Dass er sich darüber den Kopf zerbrach, noch während Nico neben ihm seiner neuesten Braut die ewige Liebe schwor, mochte unangemessen erscheinen. Aber er hatte einfach zu oft mit angesehen, wie schnell und absolut aus Liebe Hass und Abscheu werden konnte. Seine eigene Mutter war für die nächste Mrs. Anastakos abserviert worden, da war Santos gerade einmal drei Jahre alt gewesen. Danach war er zwischen Vater und Mutter hin und her gereicht worden, bis er – auf nachdrücklichen Wunsch seines Vaters – auf ein Internat geschickt worden war.

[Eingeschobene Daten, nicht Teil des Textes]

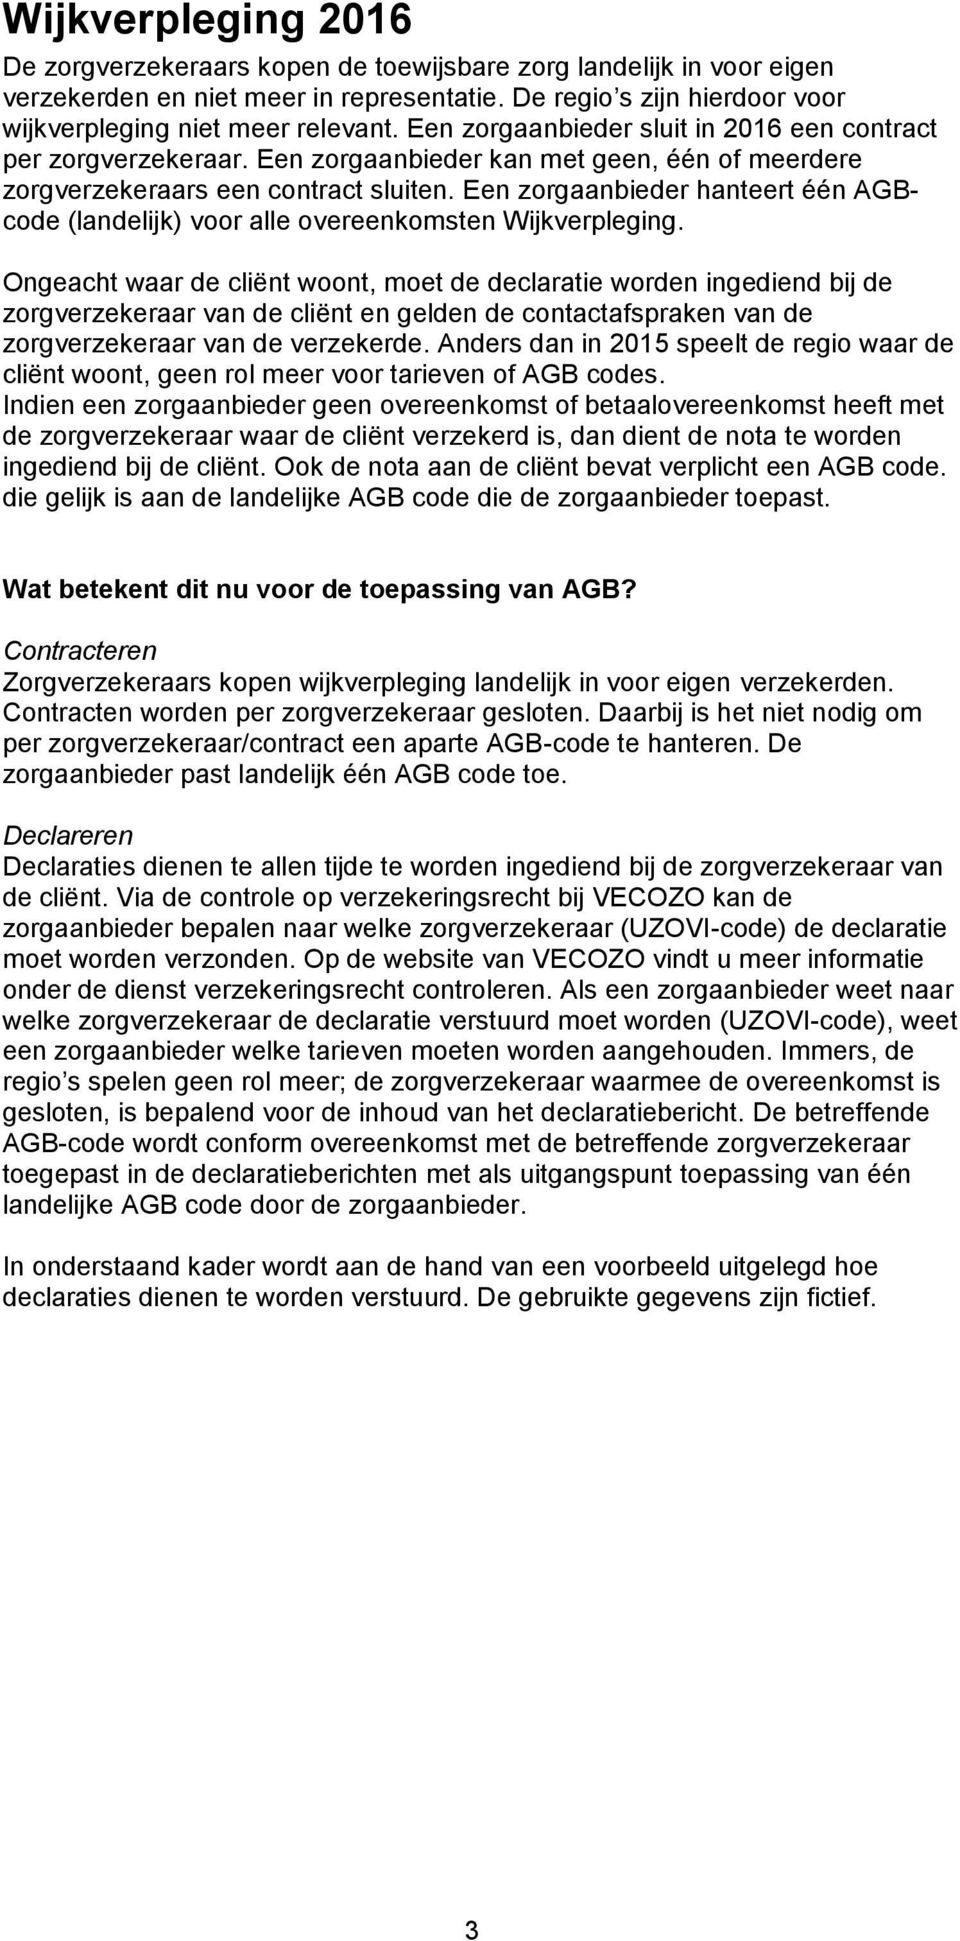 Een zorgaanbieder hanteert één AGBcode (landelijk) voor alle overeenkomsten Wijkverpleging.

Santos verzog das Gesicht, als der Kaplan nun verkündete, dass sich das – zumindest jetzt noch – glückliche Brautpaar nun küssen dürfe. Er hatte sich selbst geschworen, niemals zu heiraten, nachdem Nicos dritte Ehe ein besonders bitteres (und öffentliches) Ende gefunden hatte. Und er würde sich auch nicht verlieben … was immer das bedeutet. Mit seinen vierunddreißig Jahren war Santos bei der Klärung dieser Frage bisher noch keinen Schritt weitergekommen.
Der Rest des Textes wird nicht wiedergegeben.